Он всегда был шикарно одет в одежду, которая хорошо сидела на его аккуратной, статной фигуре. Он всегда был в хорошем настроении, очень дружелюбен (в своей обрывистой резкой манере), часто смеялся — каким-то металлическим смешком, который начинался внезапно и заканчивался так же быстро, как и начался. Он, казалось, каким-то образом запер в отдельной комнате все страдания, темные заботы и беспокойство и выбросил, потерял ключ от ее двери, но при этом в то же время он потерял и более ценные вещи, все раздражительные сомнения и возмущения совести, что доступны большинству людей.

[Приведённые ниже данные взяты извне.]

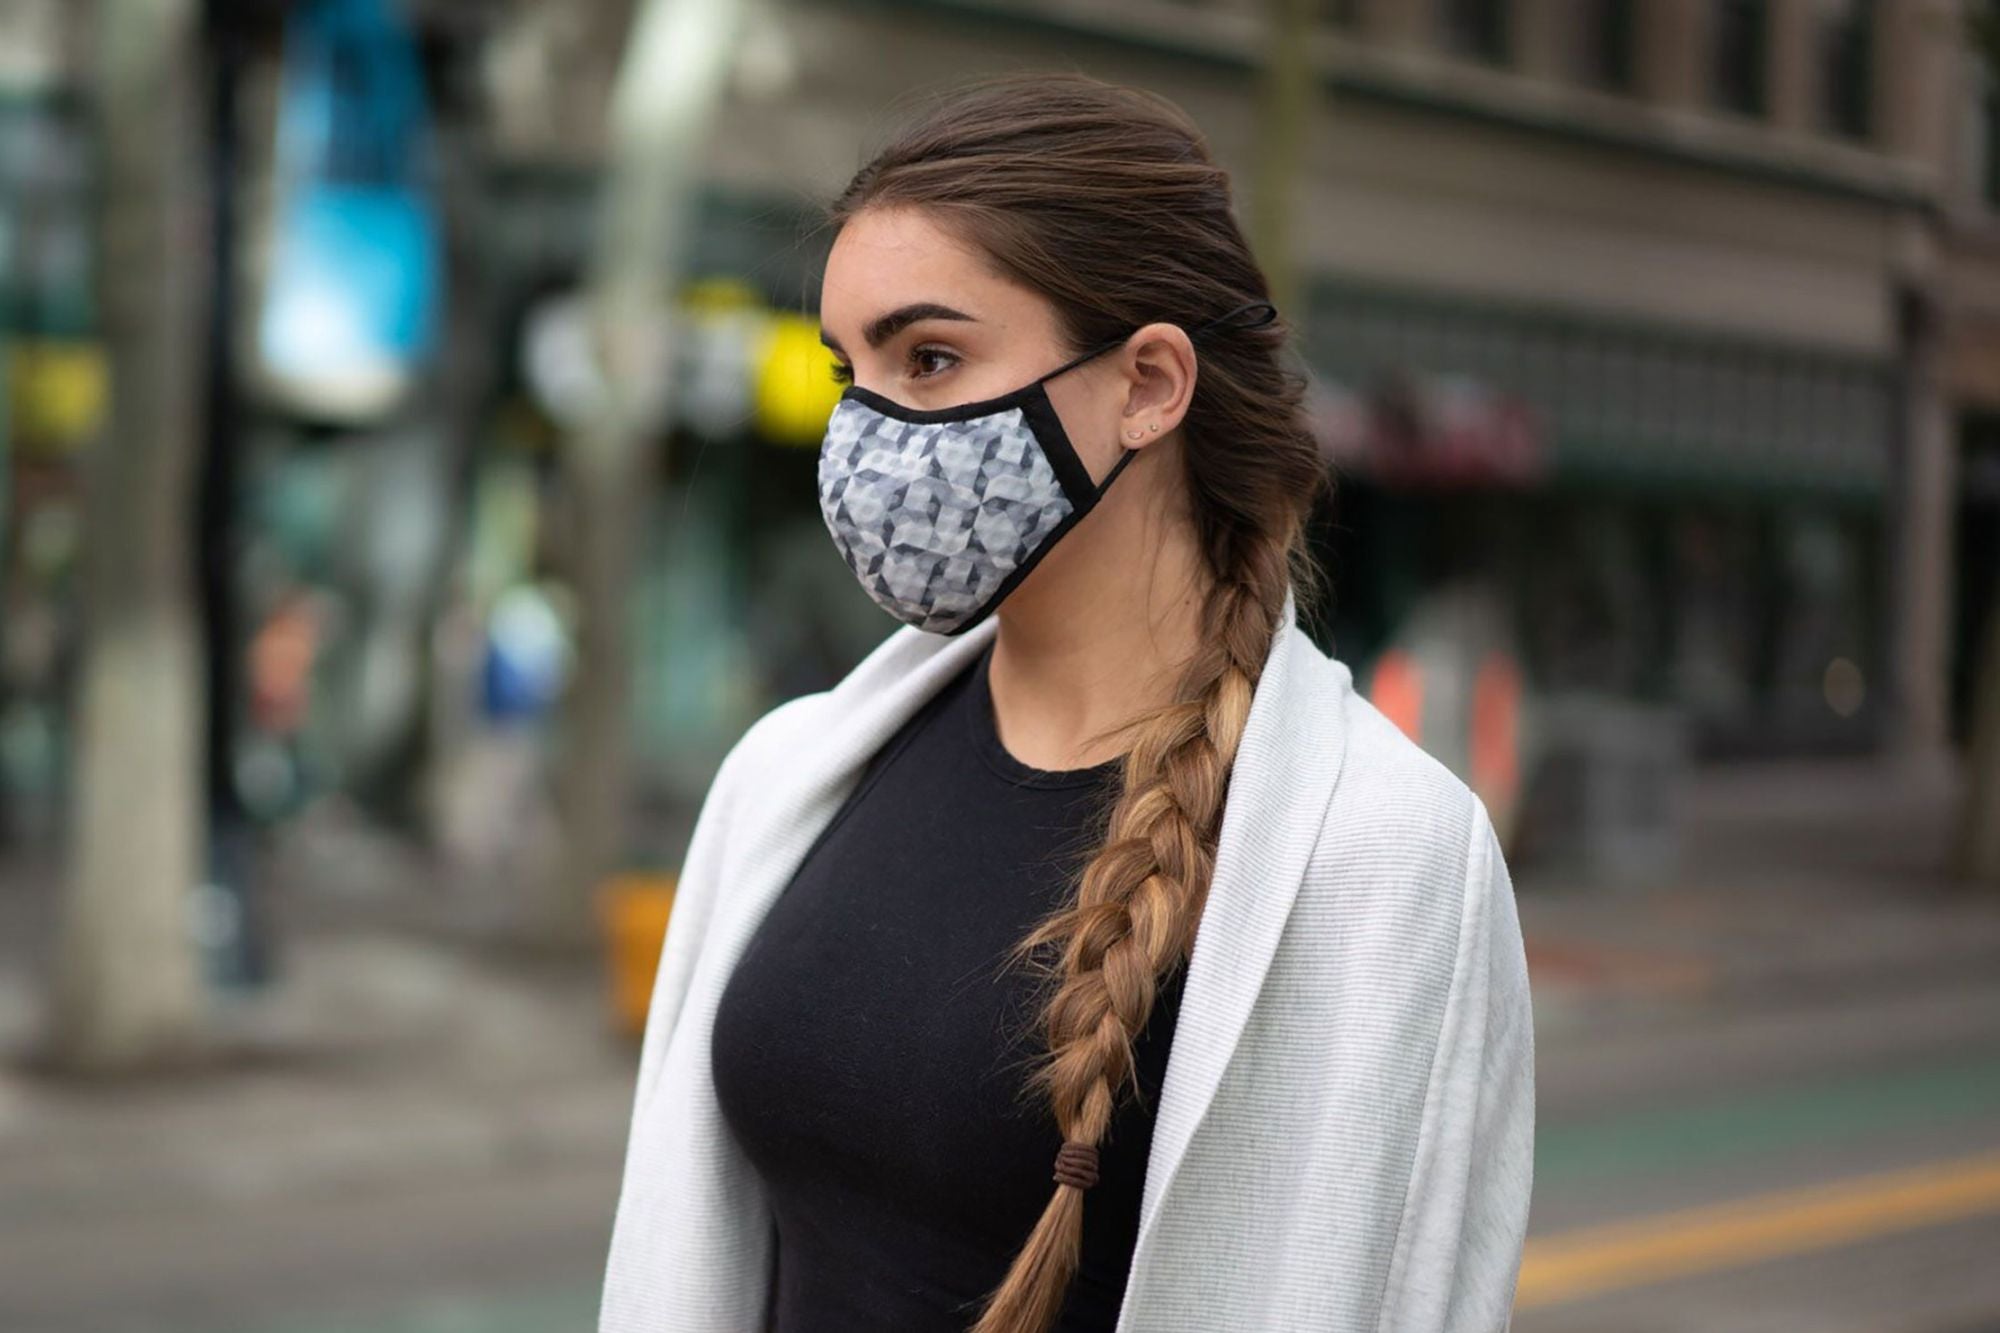 This Air Mask Company Struggled to Take Off. Then Came Coronavirus.

Теперь, в самом деле, казалось, что у него осталось только одно серьезное дело в жизни. Дело это было — поддерживать себя в хорошем настроении, постоянно развлекаться, получить от жизни все до последнего атома удовольствия, которые она только может предложить. И к этому делу два молодых человека, которые жили с ним вместе, присоединились с энергией и искренностью. Подразумевалось, что их занятость на автомобильном заводе была просто необходимым злом. Ее следовало терпеть, потому что она давала им возможность заниматься более важными делами, делать единственное, что им было интересно, — снова и снова бросаться на поиски удовольствия.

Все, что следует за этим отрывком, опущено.